A: The short answer is "no"; but the longer answer is "maybe" - but not in the way you might expect. First, the amount of any survivor's pension that your spouse receives will be based on your "calculated retirement pension," which is before any age-adjustment factor is applied. This means that taking the CPP at a reduced rate before age 65 will not directly reduce the amount of the survivor's pension, and taking it at an increased rate after age 65 will not directly increase the amount of your survivor's pension.

Q: Is it true that you can stop contributing to CPP when you turn age 65, even if you continue working until age 70?

A: This is true only if you are receiving your CPP retirement pension. In that case, you can opt out of making any contributions after age 65 by completing Canada Revenue Agency Form CPT30, or you can continue contributing to CPP and earn additional post-retirement benefits.

Q: What are post-retirement benefits (PRB)?

A: PRBs are benefits paid for any CPP contributions made after you've already begun to receive your regular CPP retirement pension. These additional contributions won't affect the amount of your regular CPP retirement pension - and they won't be used for the calculation of survivor's benefits - but each year of such additional contributions will create a monthly PRB that begins effective January of the year following the contribution. The amount of the PRB will depend on the amount of your earnings - in proportion to the YMPE - and your age as of that following January. For someone who is age 65 and has earnings at or above the YMPE, the monthly amount of the subsequent PRB would be $27.85. This amount is added to your regular CPP retirement benefit and is paid for life.

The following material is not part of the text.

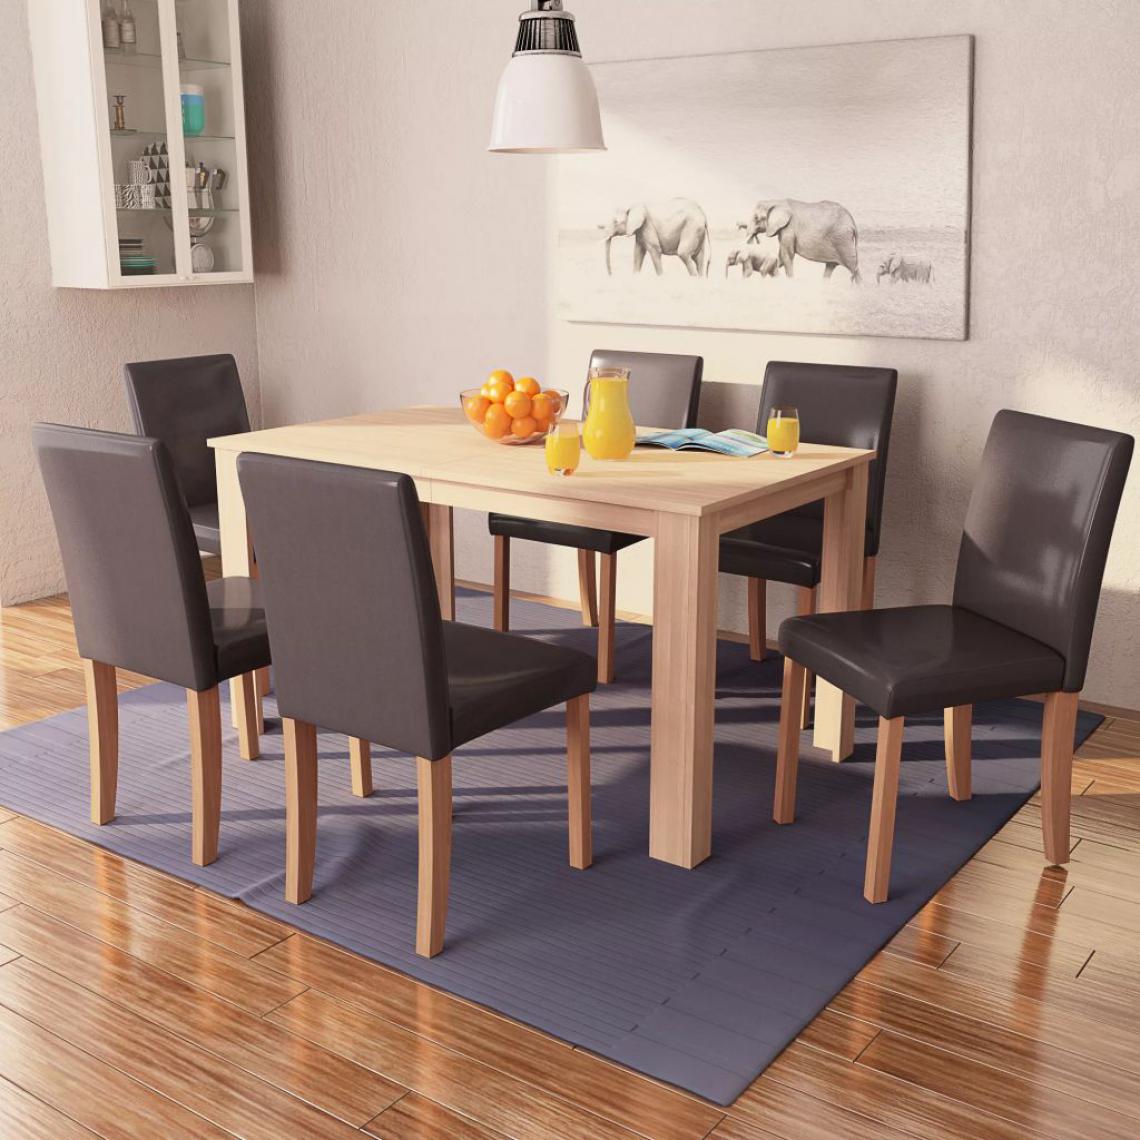 Chunhelife - Table et chaises 7 pcs Cuir synthétique Chêne Marron - Tables à manger

Q: What does the CPP statement of contributions mean when it says, "You could receive X if you were age 65 today?"

A: This means that the amount of your CPP retirement pension will be that amount if you continue to have earnings until age 65 at the same rate, relative to the YMPE, as your current "average lifetime earnings" - and considering the general 17 % dropout that has already been applied up to your current age.

Q: How will the "enhanced CPP" changes affect someone who is aged 50 today?

A: The enhanced CPP changes begin to affect pensions that begin in 2019 or later, but no one will receive the new 33.33 % income replacement of the new higher year's additional maximum pensionable earnings until 2065.

For people who are age 50 today, the greatest increase that they could receive in their retirement pension at age 65 is approximately $152.50 a month. That pushes the current monthly maximum of $1,114.17 to $1,266.67. This translates to a 13.7 % increase compared with the approximately 52 % increase that someone who's currently age 18 could receive.